By Tony Edwards, DrBicuspid.com editor in chief

May 14, 2018 -- Do you test your older patients for obstructive sleep apnea (OSA)? The researchers of a new study suggest you should, as they found that these patients are at high risk for OSA and often are not tested.

More than 1,000 older individuals were surveyed about their sleep and their risk for OSA. While more than half were estimated to be at high risk for sleep apnea, less than 10% of these patients had been screened. The results were published in the Journal of the American Geriatrics Society (May 9, 2018).

"We see that OSA was rarely evaluated, but when it was, it was almost always confirmed," stated co-lead author Galit Levi Dunietz, PhD, MPH, in a Michigan Medicine release. "This suggests an opportunity to increase the evaluation among older Americans."

Dunietz is a postdoctoral research fellow in sleep epidemiology at Michigan Medicine's Sleep Disorders Center at the University of Michigan in Ann Arbor.

Underevaluation

The prevalence of obstructive sleep apnea in older adults in the U.S. is unknown, with some of the best studies conducted 30 or more years ago. Researchers wanted to find out how many older Americans are at risk for OSA and if these patients receive OSA evaluations, diagnosis, and treatment.

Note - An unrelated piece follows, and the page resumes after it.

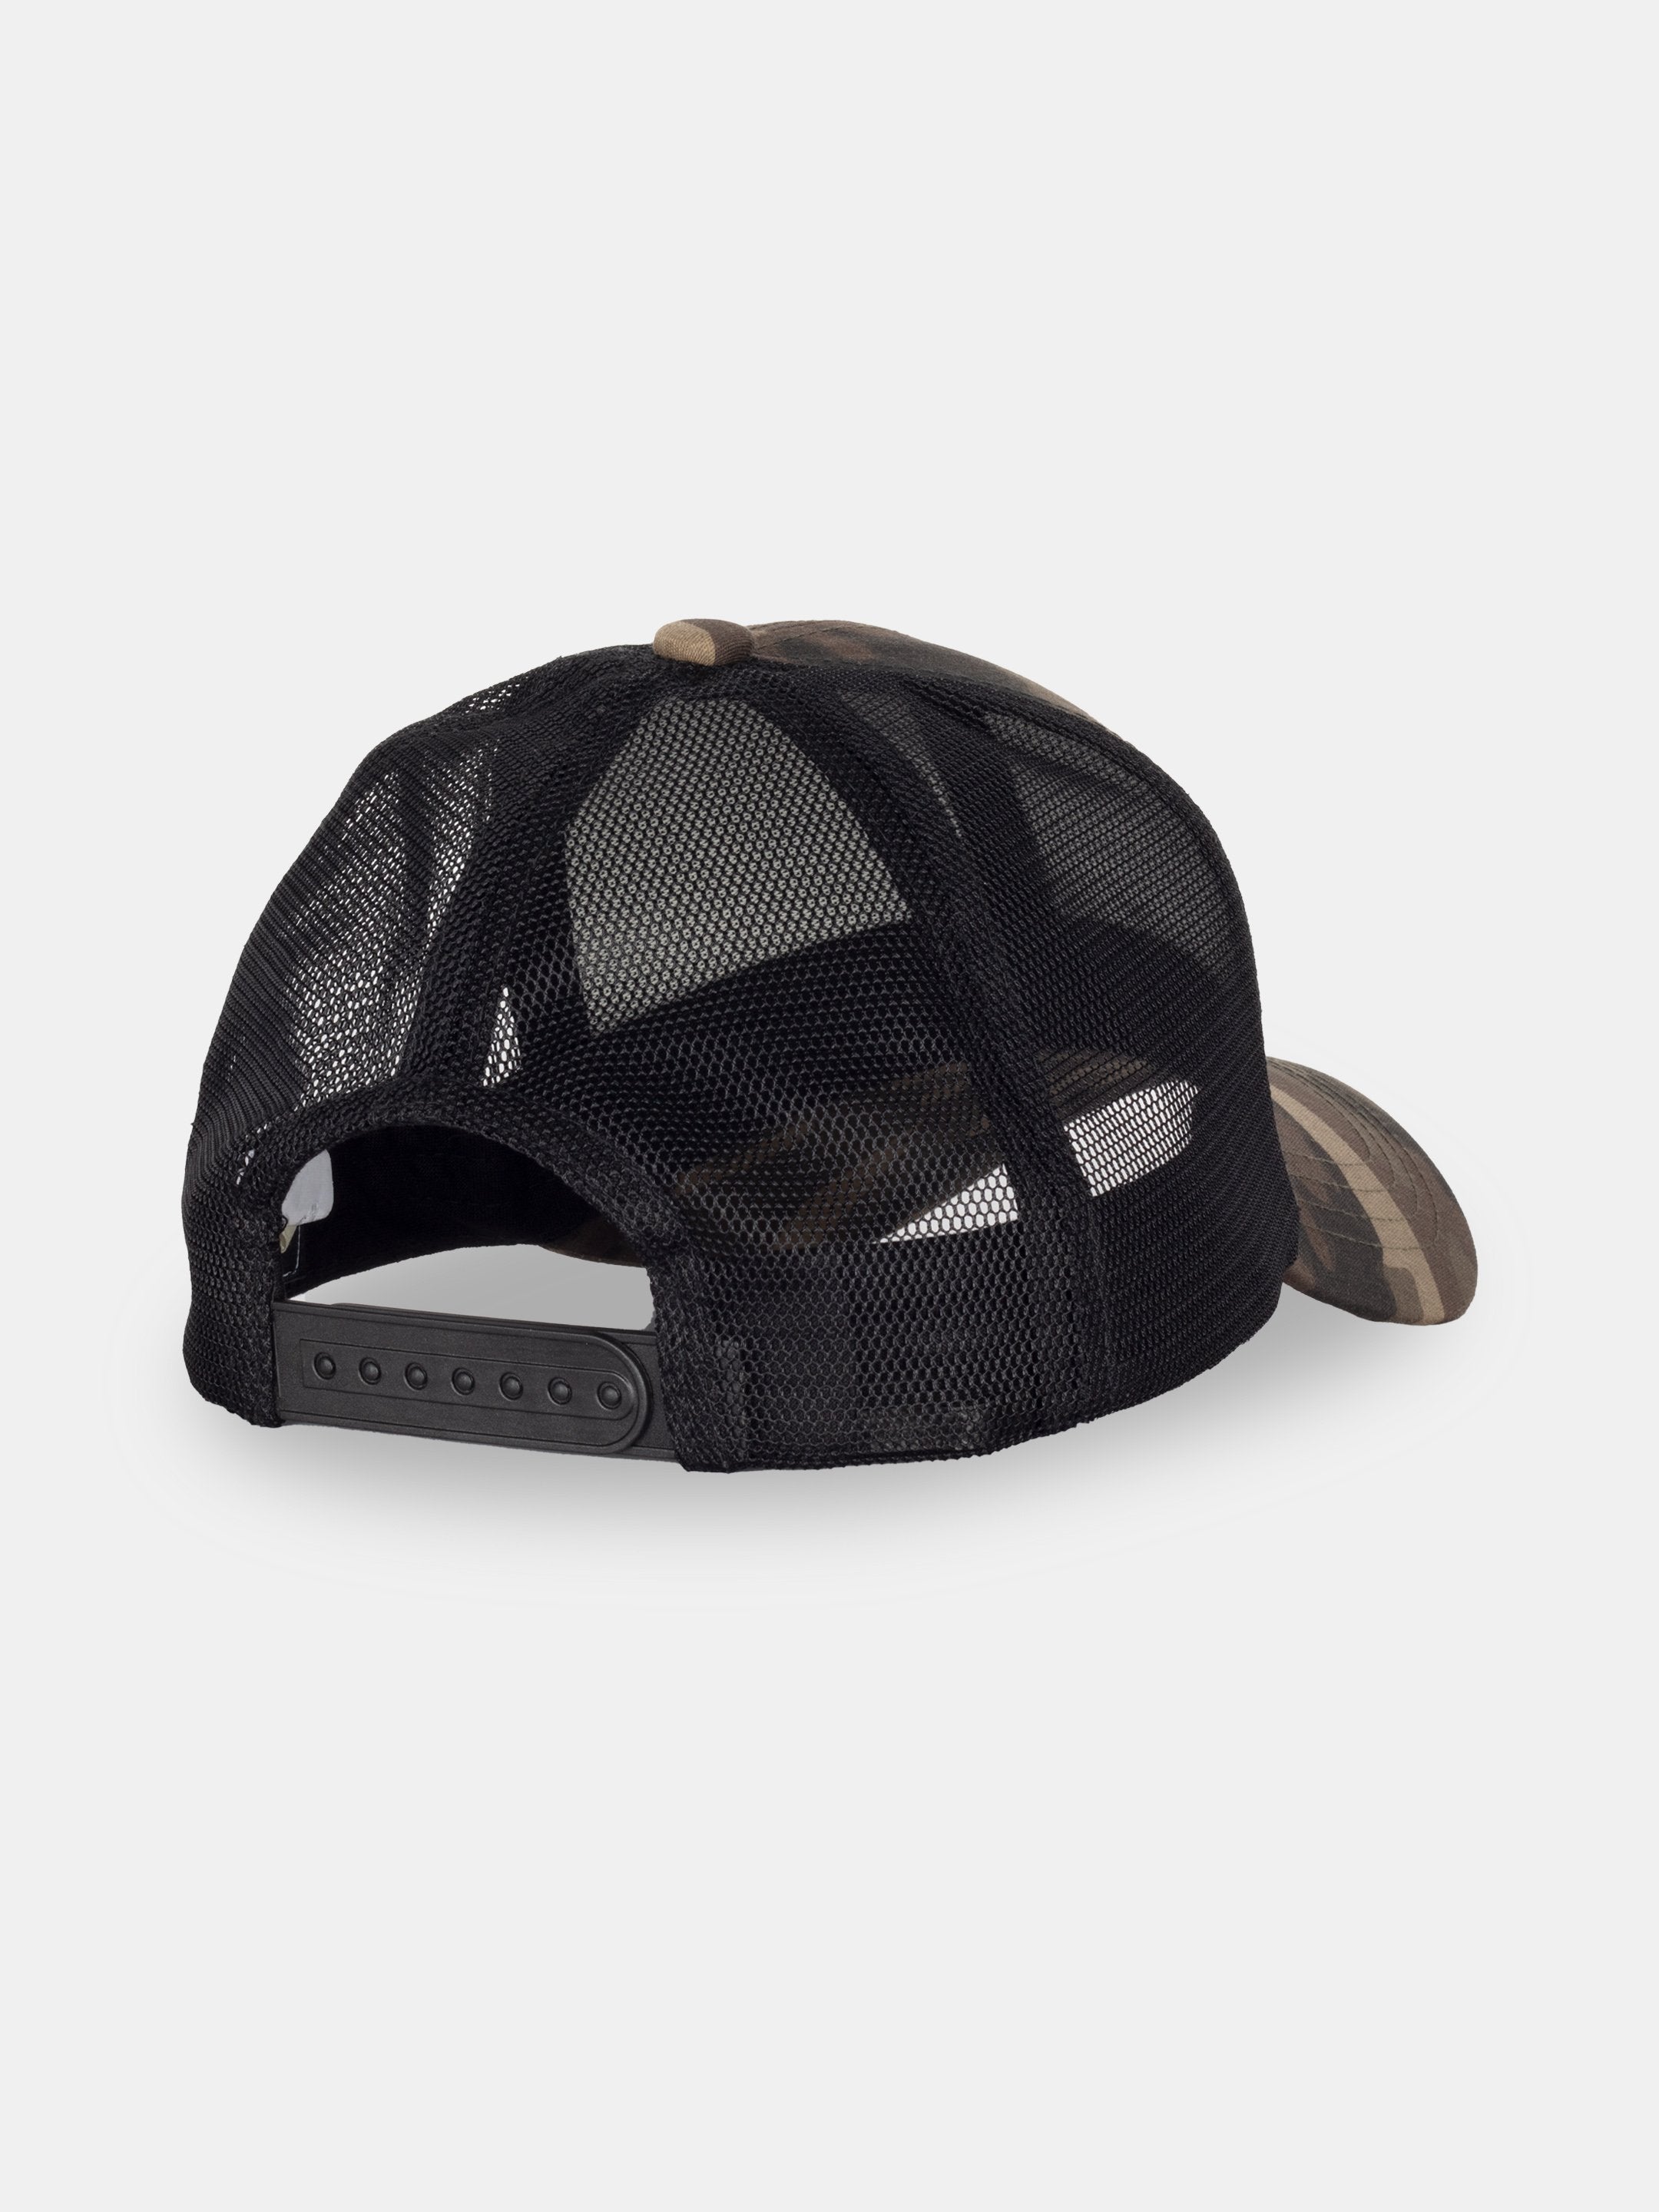 stylish caps

“We see that OSA was rarely evaluated, but when it was, it was almost always confirmed.”
— Galit Levi Dunietz, PhD, MPH

Data were obtained from the National Health and Aging Trends Study, a study that included more than 1,000 community-dwelling Medicare beneficiaries age 65 and older.

Study participants were asked specific questions about sleep disturbances, including items that resembled the STOP-Bang Questionnaire, which is used to assess OSA risk. The STOP-Bang acronym stands for snoring, tiredness, observed apneas, high blood pressure, body mass index, age, neck circumference, and gender.

This questionnaire has a high sensitivity to predict patients at risk for OSA. In general, a score of 0 to 2 on the questionnaire is considered low risk, 3 to 4 is considered moderate risk, and 5 or greater is considered high risk.

The researchers found that 56% of those who completed the questionnaire were estimated to be at high risk of OSA (95% confidence interval [CI]: 53% to 59%), but only 8% of these patients had been tested for it (95% CI: 5% to 11%).

Of those tested, 94% were diagnosed with OSA (95% CI: 87% to 100%). Treatment with positive airway pressure was prescribed for 82% of participants with an OSA diagnosis (95% CI: 65% to 99%). More than 80% of these patients were prescribed positive airway pressure (PAP) equipment.

The remaining 44% of respondents had a score of 2 or less on the questionnaire. Only 2% of these patients had received OSA evaluations (95% CI: 0.8% to 4%). Most of these patients (90%) received an ICD-9 coded OSA diagnosis (95% CI: 88% to 92%), and 50% were prescribed PAP equipment (95% CI: 38% to 62%).

More screening needed

The study authors noted that the questionnaire used resembled the STOP-Bang questionnaire but that the alterations in some questions may have excluded some at-risk participants. In addition, their study did not include Medicare Advantage beneficiaries, which could limit the study's generalizability.

However, the authors concluded from this representative sample of community-dwelling Medicare beneficiaries that high OSA risk is common but seldom investigated.

"The main concern is the underdiagnosis of OSA," Dunietz stated.